**Task prompt**
This exercise calls for retyping every line below exactly, with the images omitted.

**Collected material**
__________

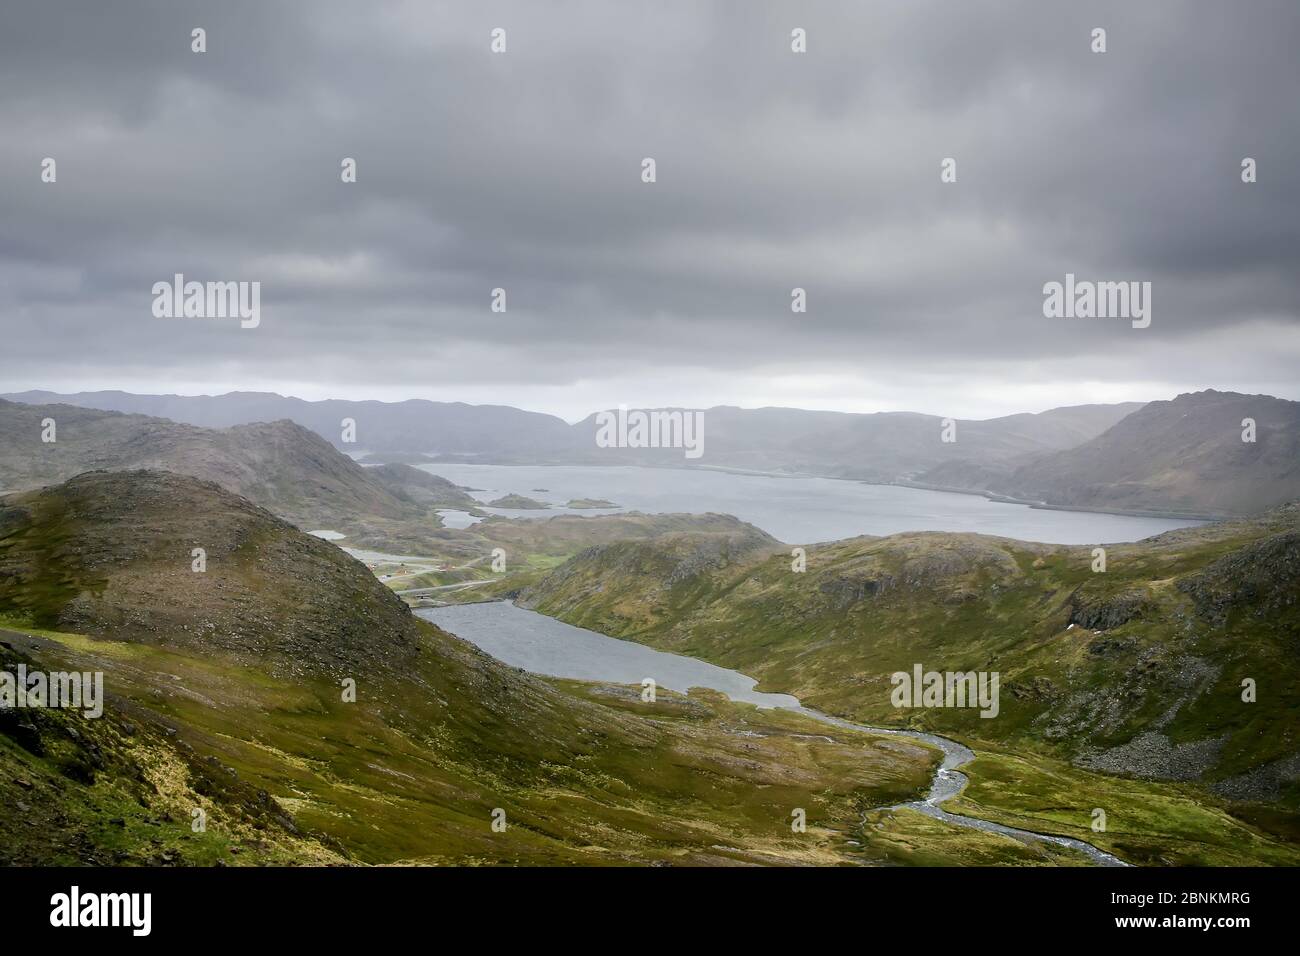 Beautiful remote & barren landscape on the island of Mageroya, Troms og Finnmark county, in the extreme northern part of Norway. Stock Photo
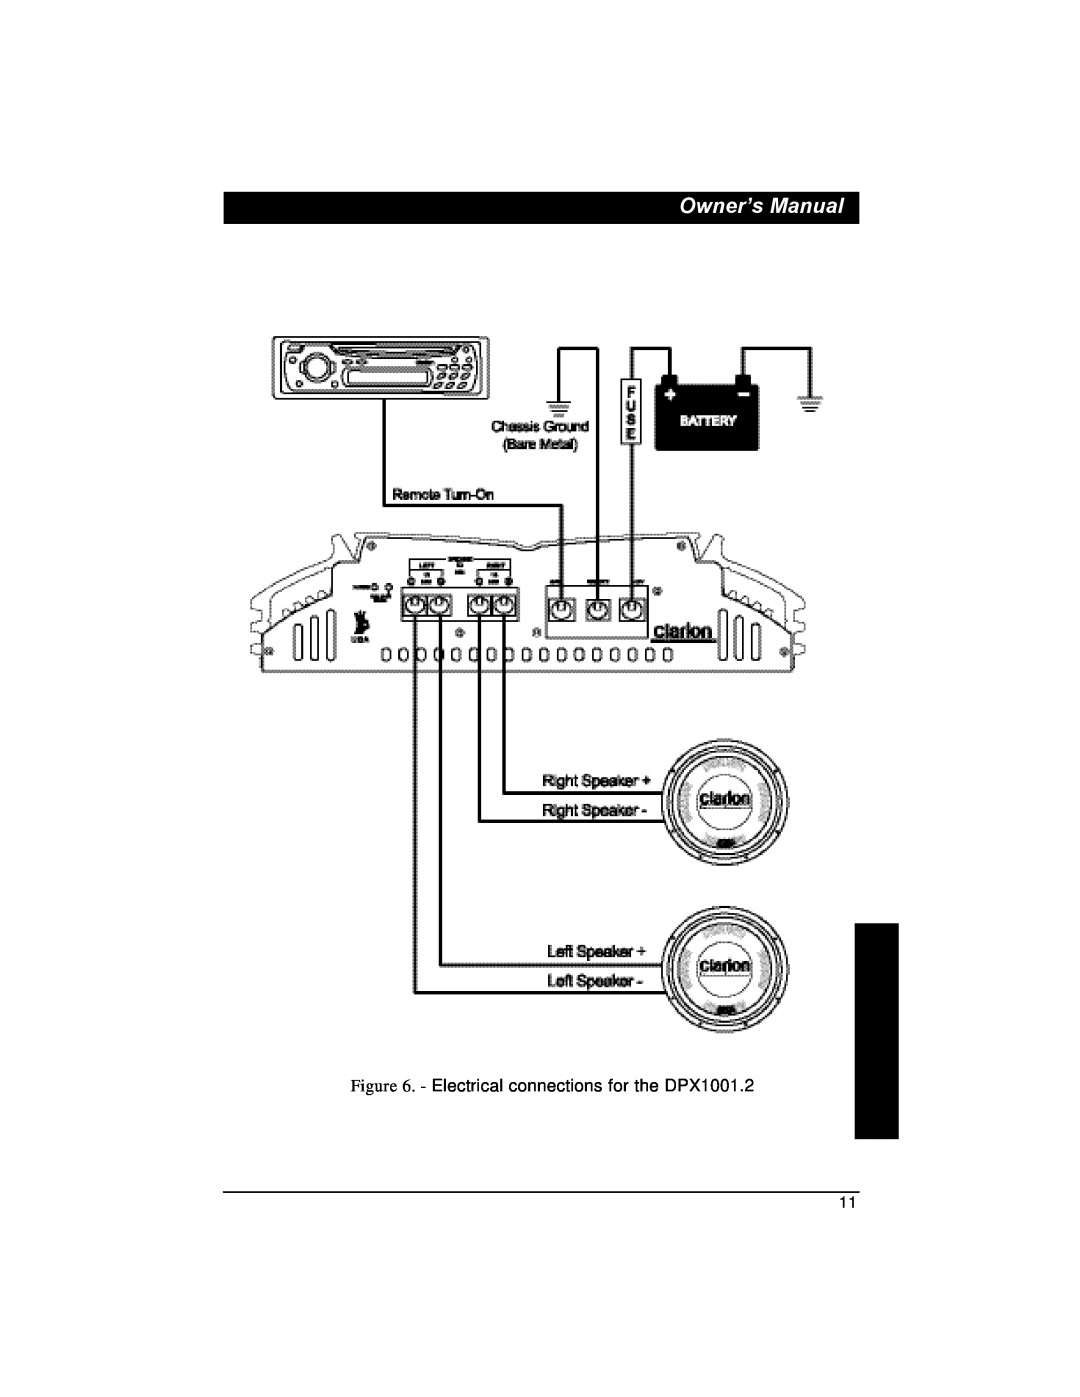 Clarion DPX1001.2 installation manual 
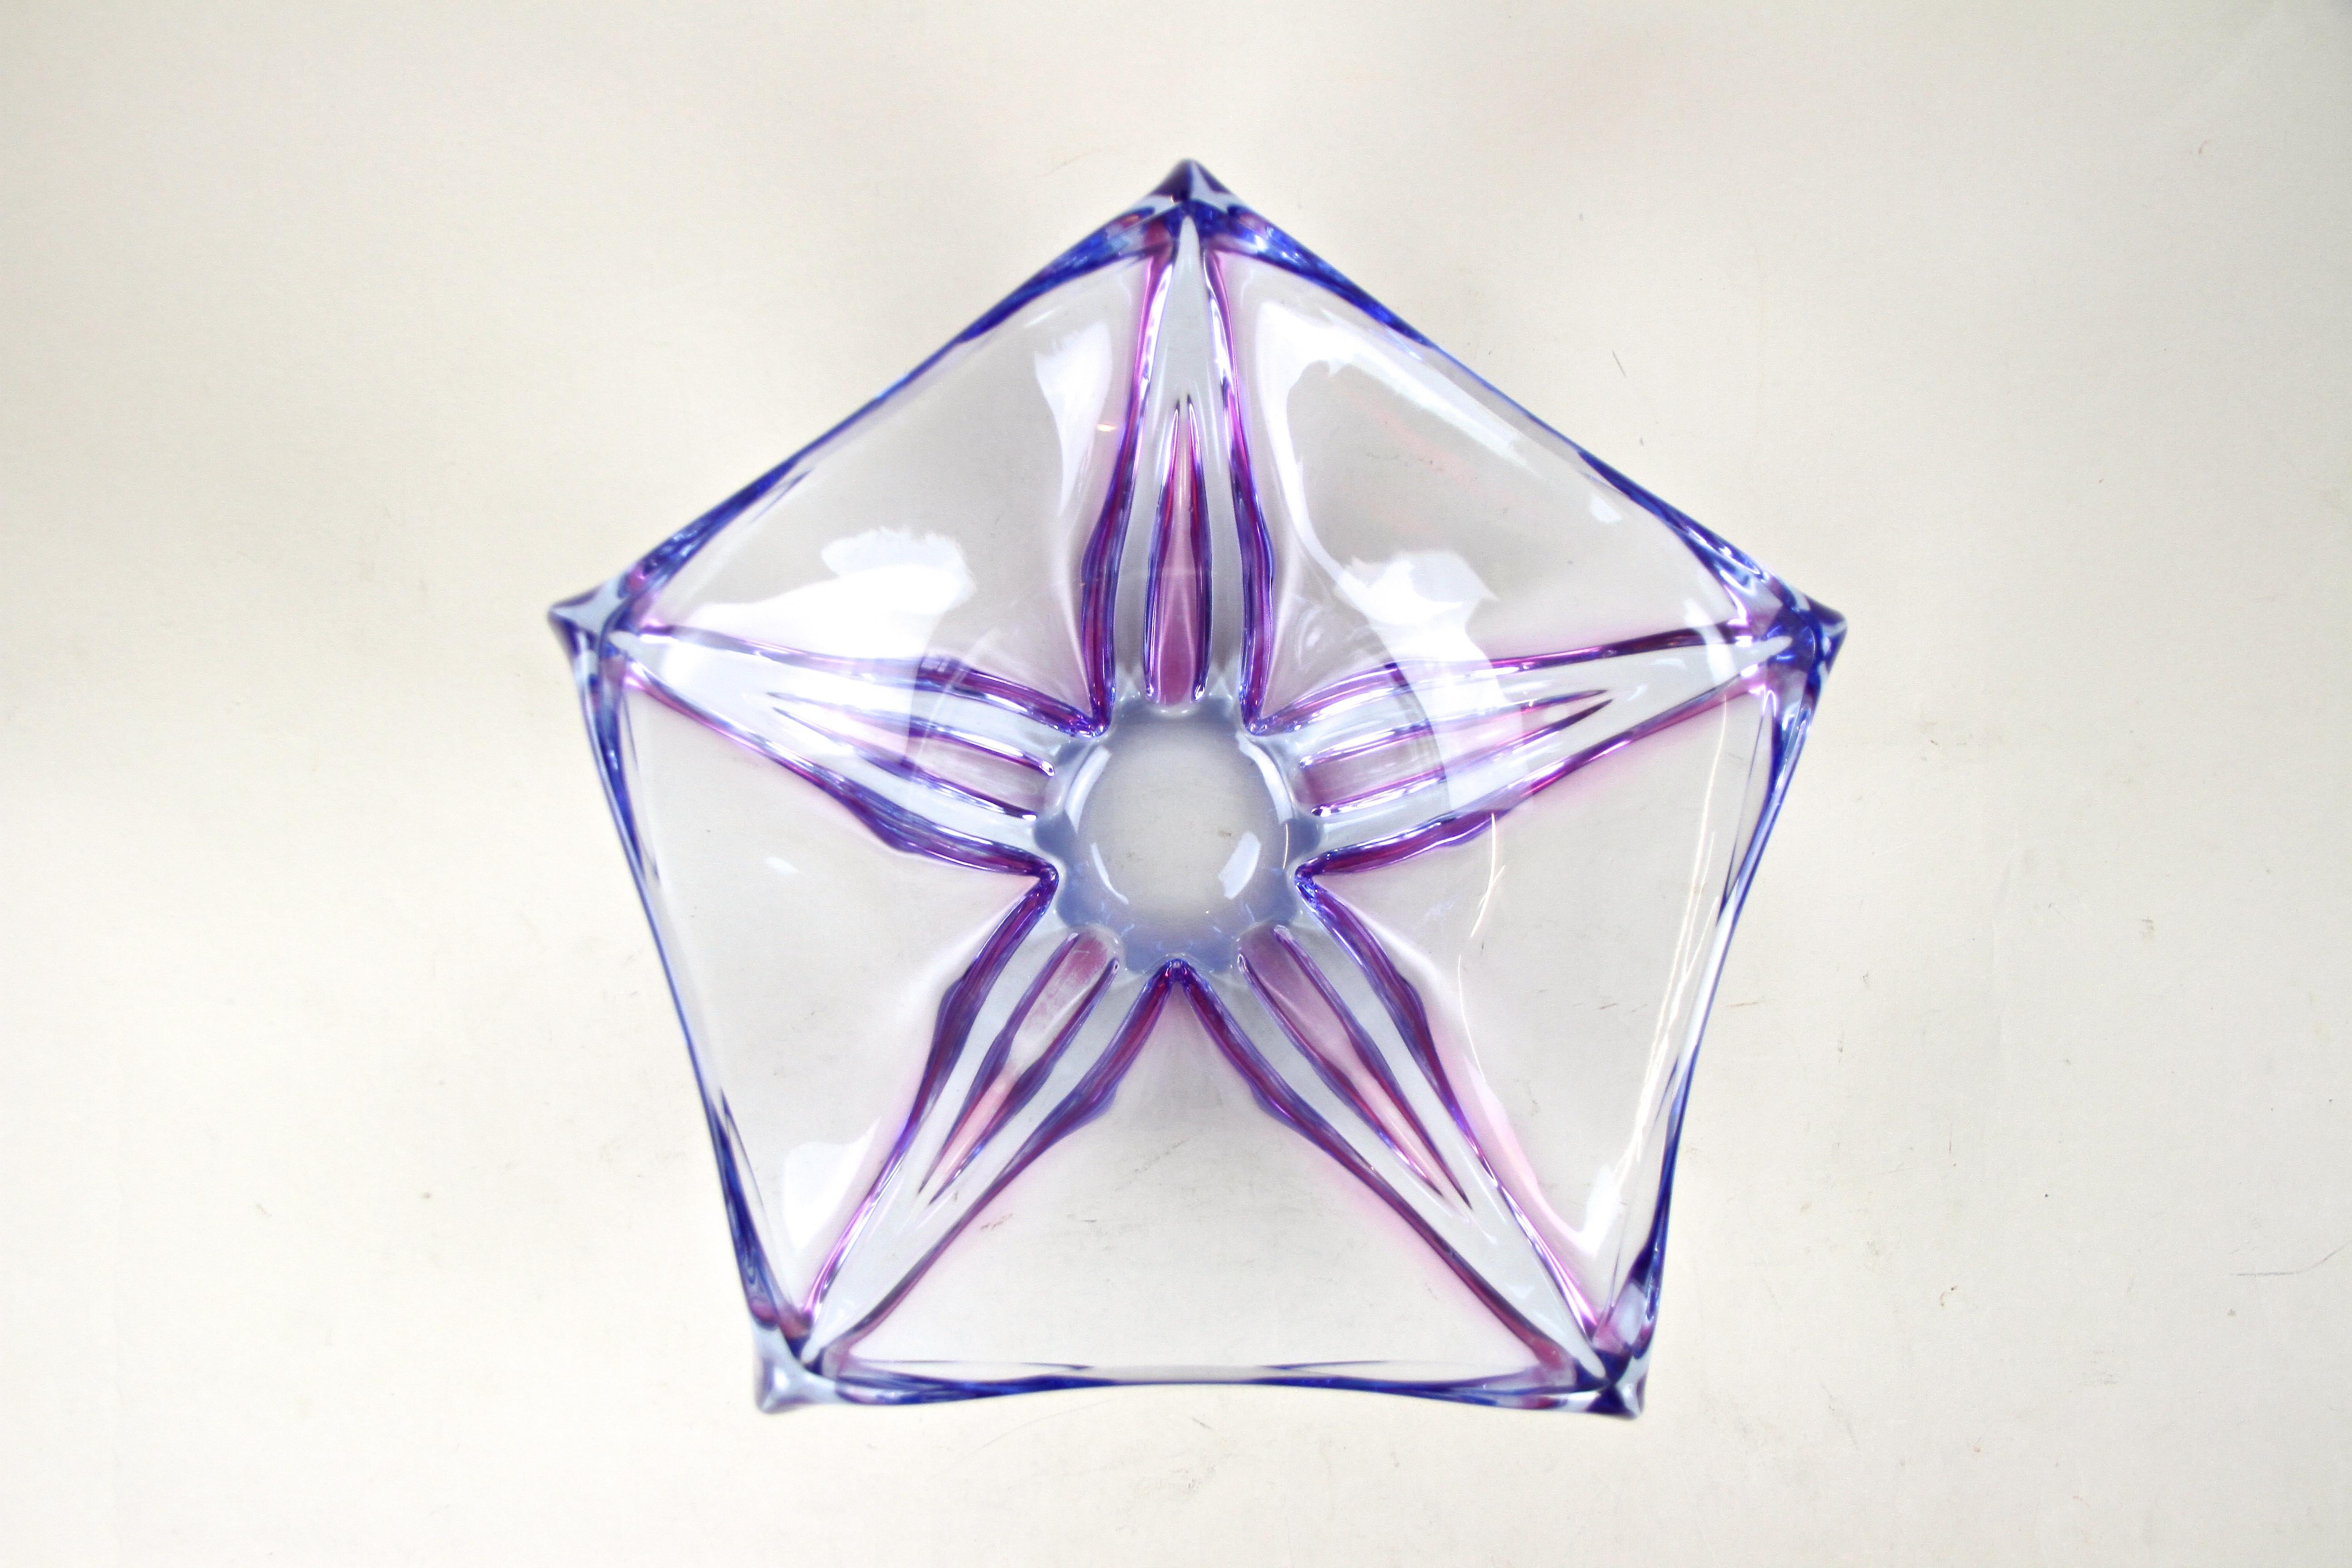 Extraordinary pentagonal Murano glass bowl out of the world renown workshops in Italy from the period around 1960/70. This very modern looking glass bowl reminds of a star or starfish when you look from above. Beautiful details like the amazing

__________

**Exercise solution**
 Beautiful remote & barren landscape on the island of Mageroya, Troms og Finnmark county, in the extreme northern part of Norway. Stock Photo
 Clarion DPX1001.2 installation manual 
 Extraordinary pentagonal Murano glass bowl out of the world renown workshops in Italy from the period around 1960/70. This very modern looking glass bowl reminds of a star or starfish when you look from above. Beautiful details like the amazing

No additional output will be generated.